On the fifth day, so I learned later, I began to feel my senses return, my fever commenced to abate, and I was able to grasp the fact that I had crawled into the maloca, or communal village, of the Mangeromas. I was as weak as a kitten, and, indeed, it has been a marvel to me ever since that I succeeded at all in coming out of the Shadow. The savages, by tender care, with strengthening drinks prepared in their own primitive method, wrought the miracle, and returned to life a man who was as near death as any one could be, and not complete the transition. They fed me at regular intervals, thus checking my sickness, and when I could make out their meaning, I understood that I could stay with them as long as I desired.

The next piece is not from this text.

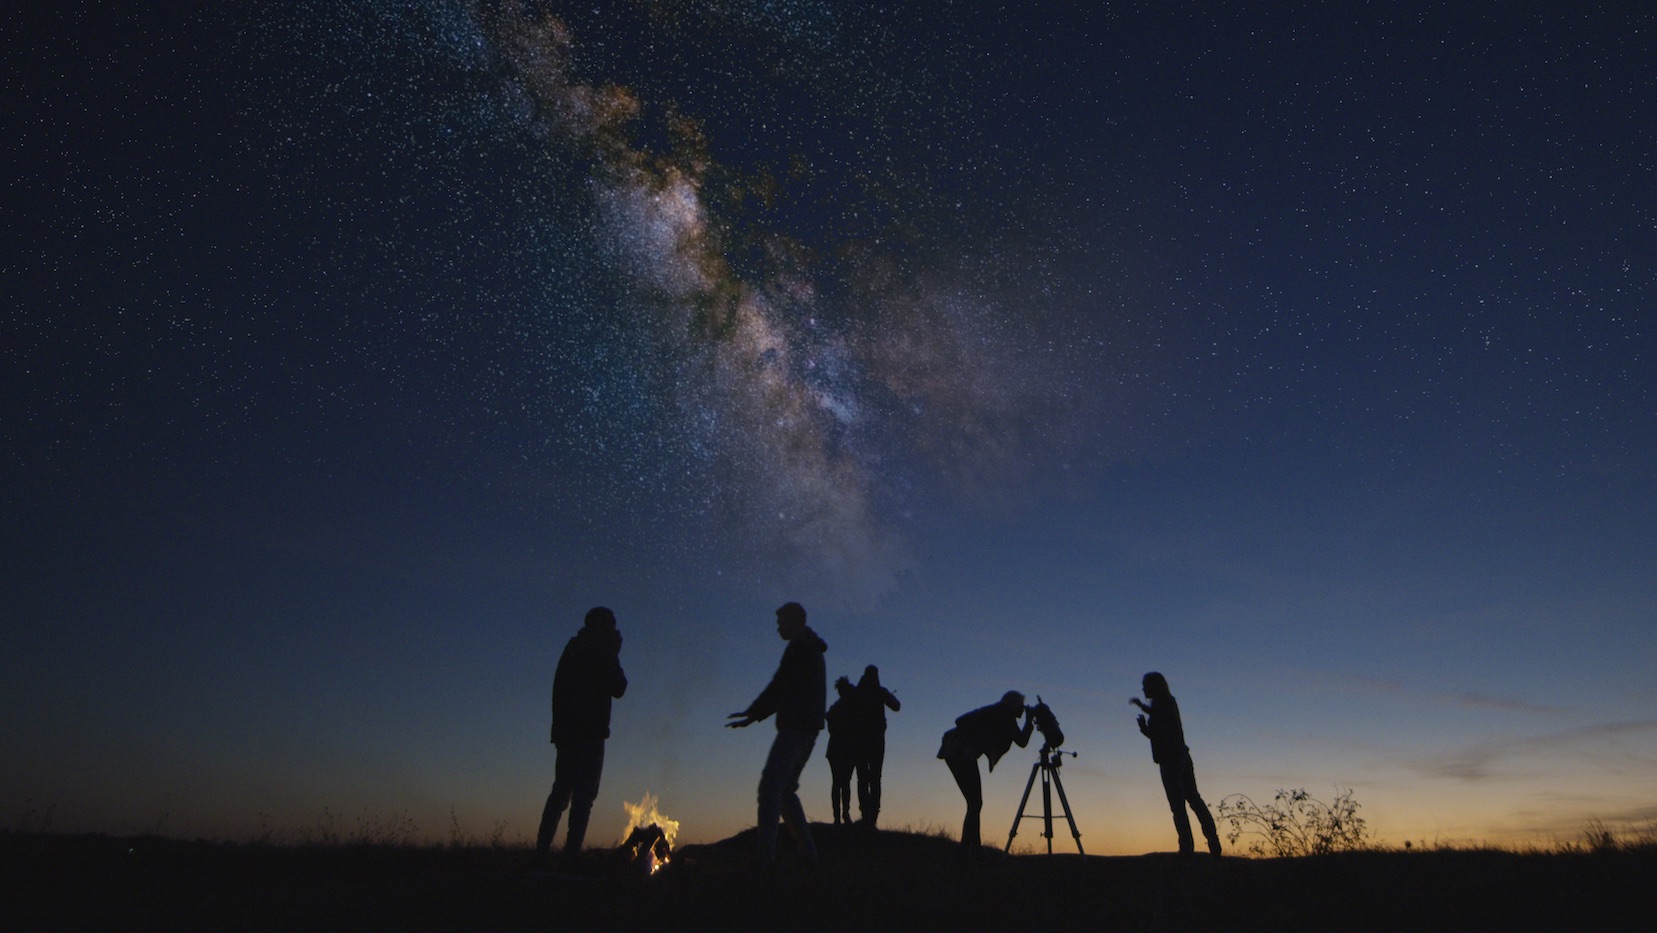 Die Wunder des Nachthimmels mit Freunden und Familie teilen. Frame Stock Footage/Shutterstock.com

Luckily I had kept my spectacles on my nose (they were the kind that fasten back of the ears) during the previous hardships, and I found these sticking in their position when I awoke. My khaki coat was on the ground under my hammock, and the first thing was to ascertain if the precious contents of its large pockets had been disturbed, but I found everything safe. The exposed plates were there in their closed boxes, the gold dust was also there and mocked me with its yellow glare, and my hypodermic outfit was intact and was used without delay, much to the astonishment of some of the men, standing around my hammock.
When my head was clear and strong enough to raise, I turned and began my first visual exploration of my immediate surroundings. The big room I found to be a colossal house, forty feet high and one hundred and fifty feet in diameter, thatched with palm-leaves and with sides formed of the stems of the pachiuba tree. It was the communal residence of this entire tribe, consisting, as I learned later, of two hundred and fifty-eight souls. A single door and a circular opening in the roof were the only apertures of this enormous structure. The door was very low, not more than four feet, so that it was necessary to creep on one’s knees to enter the place, and this opening was closed at night, that is to say, about six o’clock, by a sliding door which fitted so snugly that I never noticed any mosquitoes or piums in the dark, cool room.
The next day I could get out of my hammock, though I could not stand or walk without the aid of two women, who took me over to a man I later found to be the chief of the tribe. He was well-fed, and by his elaborate dress was distinguished from the rest of the men. He had a very pleasant, good-natured smile, and almost constantly displayed a row of white, sharp-filed teeth. This smile gave me some confidence, but I very well knew that I was now living among cannibal Indians, whose reputation in this part of the Amazon is anything but flattering. I prepared for the new ordeal without any special fear—my feelings seemed by this time to have been pretty well exhausted and any appreciation of actual danger was considerably reduced as a result of the gamut of the terrors which I had run.